Ревизор: возвращение в СССР 4 (СИ) - Шумилин Артем. Страница 31
Кирпичная пятиэтажка. Четыре подъезда. Традиционные лавочки с бабушками. И с какой стороны у них тут нумерация подъездов начинается?
— Здравствуйте. — обратился я к женщинам у ближайшего подъезда. Одна из них, совсем пожилая, сидела на лавке. А другая стояла рядом, держа таз с мокрым бельём. Они о чём-то своём разговаривали очень оживленно, когда я подошёл. Когда я поздоровался, они обе с подозрением уставились на меня.
— Это первый подъезд или четвёртый? — спросил я.
— А ты к кому? — строго спросила меня женщина с бельем, не удостоив меня ни приветствием, ни ответом на вопрос.
Эта беспардонность меня заела. Можно было бы её осадить, сказав, что не её это дело, но вовремя вспомнил, что я «не в том» сейчас возрасте.
— К Инне Жариковой, я её брат, — скромно ответил, как и полагается школьнику.
Женщина с бельем вопросительно посмотрела на сидящую на лавке.
— Это та, что весь двор пеленками завешала, — ответила та.
— Ну, да… у неё ребенок маленький, — подтвердил я.
— И что?

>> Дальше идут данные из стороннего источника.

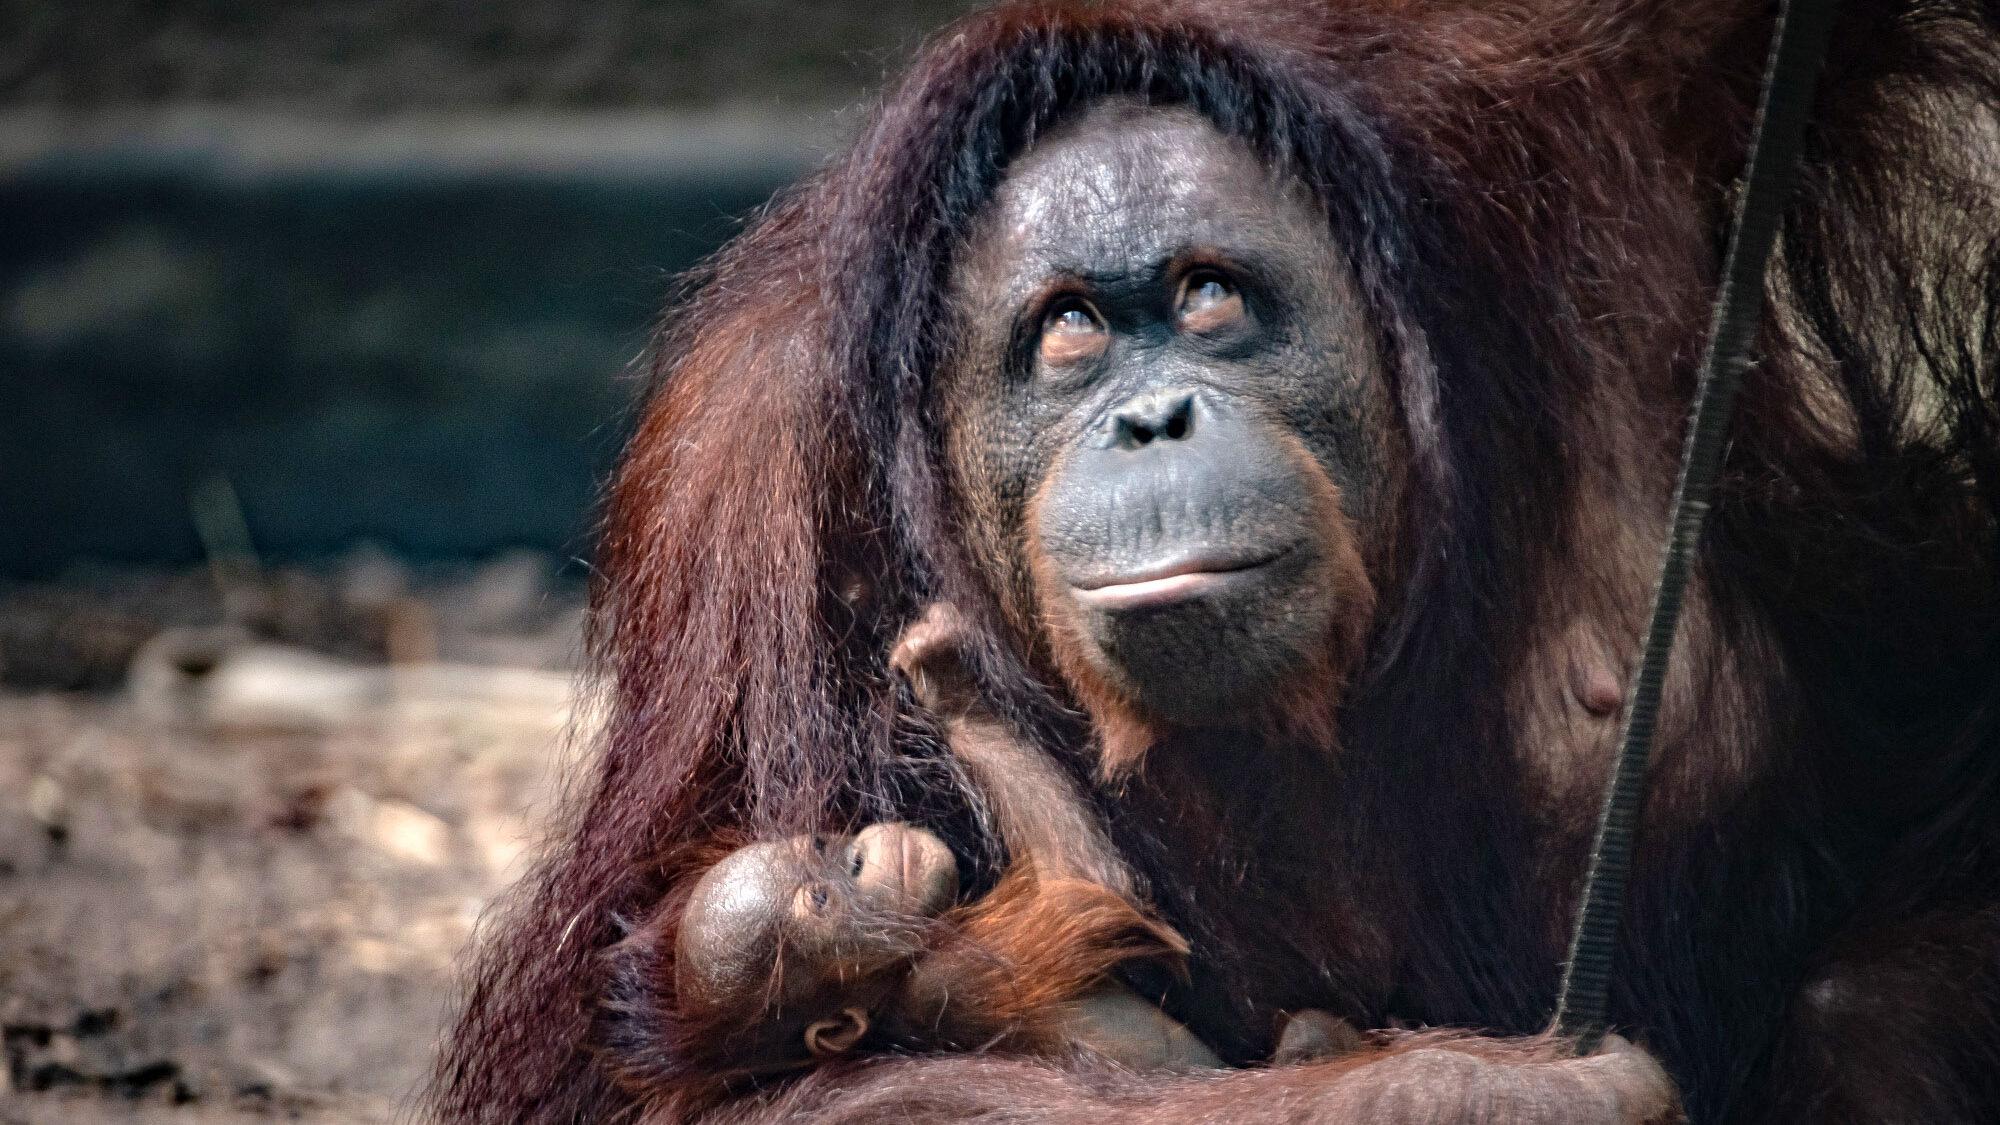 Bornean Baby: Zoo Welcomes 'Surprise' Endangered Orangutan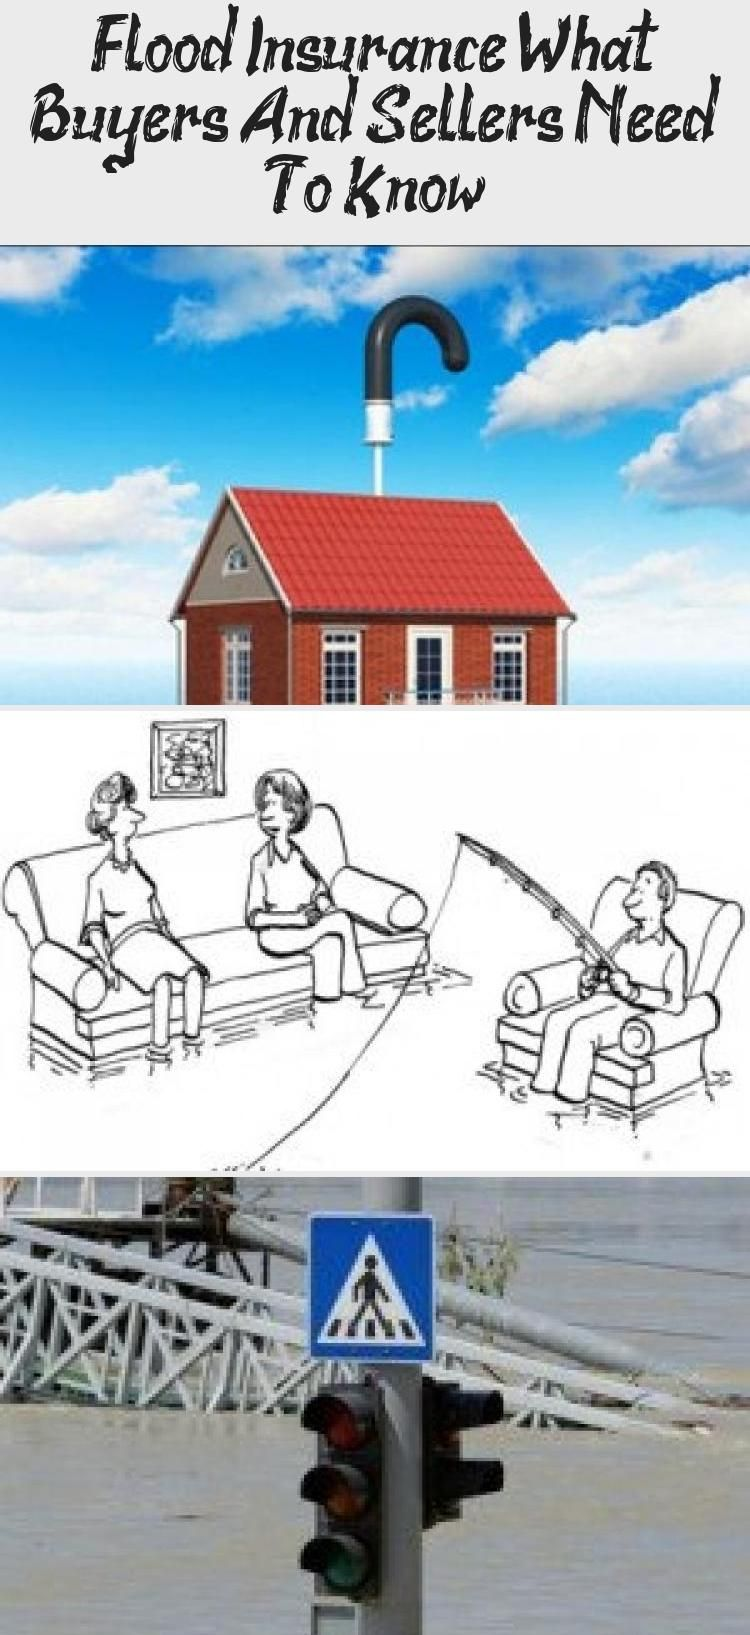 Businessinsurance insuranceArt insurancePolicy

Можно все верёвки занимать? — возмущенно спросила женщина, переложив таз себе на другой бок.
— По три раза в день полный таз пелёнок выносила, — поддакнула пожилая.
Меня сильно задело такое отношение женщин к сестре.
— Вы сами, наверняка, детей имеете и должны понимать, что, когда грудной ребёнок болеет, он каждые пятнадцать минут писается! — не выдержав, заступился я за сестру. — Куда она должна была пелёнки вешать?
— Подумаешь! Ребенок писается, — взвилась женщина с тазом. — У нас у всех были дети, и мы не завешивали пеленками все веревки во дворе!
Ну и обстановочка у них тут. Из-за веревок драки…
Короче, я молча вошёл в подъезд, пихнув назло бабу с тазом рюкзаком, увидел на первой же двери номер восемьдесят, понял, что это четвертый подъезд.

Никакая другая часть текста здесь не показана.